The current succession to the Japanese throne is governed by the Imperial Household Law, which stipulate agnatic primogeniture. Japanese government publicly responded to criticism from a committee of the UN which had voiced concerns about the exclusion of women from the line of succession to the Chrysanthemum Throne, stating that the succession system is a fundamental aspect of the country’s traditions and should not be subject to criticism.

== Current line of succession ==
The list below contains all people currently eligible to succeed to the throne.

- Emperor Shōwa (Hirohito; 1901–1989)
  - Emperor Emeritus Akihito
    - Emperor Naruhito
    - (1) Fumihito, Crown Prince Akishino
      - (2) Prince Hisahito of Akishino
  - (3) Masahito, Prince Hitachi

== History ==

===The Imperial House Law of 1889===
The Imperial House Law of 1889 was the first Japanese law to regulate the imperial succession. Until October 1947, when it was abolished and replaced with the Imperial Household Law, it defined the succession to the throne under the principle of agnatic primogeniture.

In all instances, the succession proceeded from the eldest male heir to the youngest (Ch. I: Article 3). In the majority of cases, the legitimate sons and male heirs of an emperor were favoured over those born to concubines. Illegitimate sons would only be eligible to succeed if no other male heirs existed in the direct line; however, the illegitimate sons of an emperor had precedence over any legitimate brothers of the emperor (Ch. I: Article 4). Those in the line of succession suffering from "incurable diseases of mind or body," or when "any other weighty cause exists," could be passed over with the advice of the Imperial Family Council, headed by the emperor, and after consulting the Privy Council (Ch.
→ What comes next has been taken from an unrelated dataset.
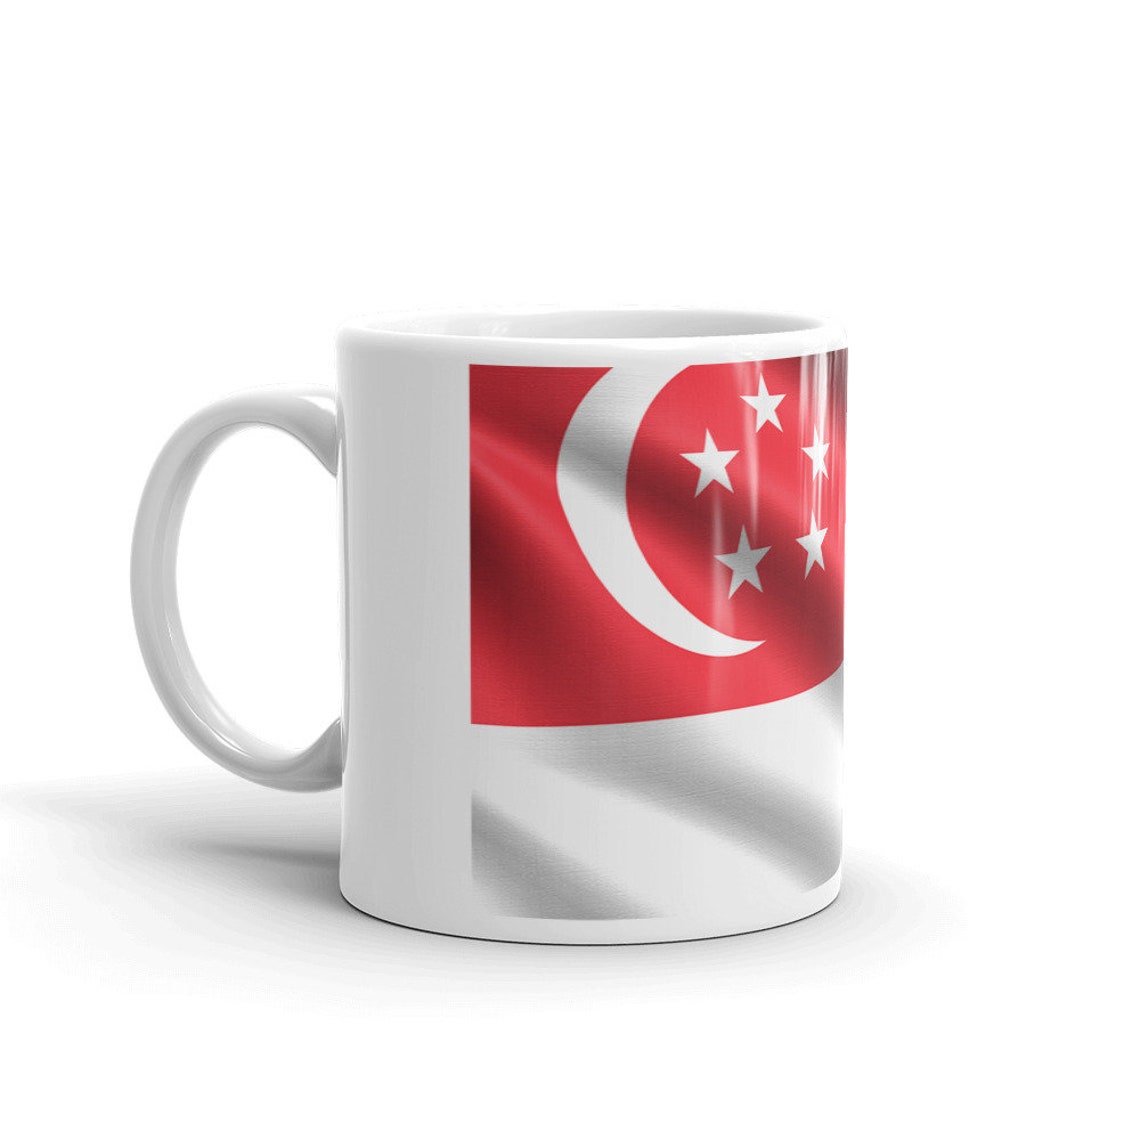 Singapore Flag coffee mug cup gift for ambassadors and

I: Article 9).

On 11 February 1907, an amendment was made to the Imperial House Law to reduce the numbers of imperial princes in the shinnōke and ōke, the cadet branches of the imperial family, who were fifth– or sixth-generation descendants of an emperor. The amendment provided for princes to leave the imperial family, either by imperial decree or by imperial sanction. They were then granted a family name and assumed the status of nobles with the peerage titles of marquis or count, thereby becoming subjects (Article I). Alternatively, a prince could be formally adopted into a noble family or succeed to the headship of an imperial family line as a noble (Article II). Under the terms of the amendment, those former princes and their descendants who left the imperial family were excluded from the line of succession and made ineligible to return to the imperial family at any future date (Article VI).

==Historic line of succession according to the Imperial House Law of 1889 (as of October 1947)==
As of October 14, 1947, when the Imperial Household Law abolished the shinnōke (Princely Houses of the Blood) and ōke (Princely Houses) cadet branches, the immediate line of succession to the Japanese throne was as follows:

- Emperor Taishō (Yoshihito; 1879–1926)
  - The Emperor (Hirohito; born 1901)
    - (1) The Prince Tsugu (Akihito; b. 1933)
    - (2) The Prince Yoshi (Masahito; b. 1935)
  - (3) The Prince Chichibu (Yasuhito; b. 1902)
  - (4) The Prince Takamatsu (Nobuhito; b. 1905)
  - (5) The Prince Mikasa (Takahito; b. 1915)
    - (6) Prince Tomohito of Mikasa (b. 1946)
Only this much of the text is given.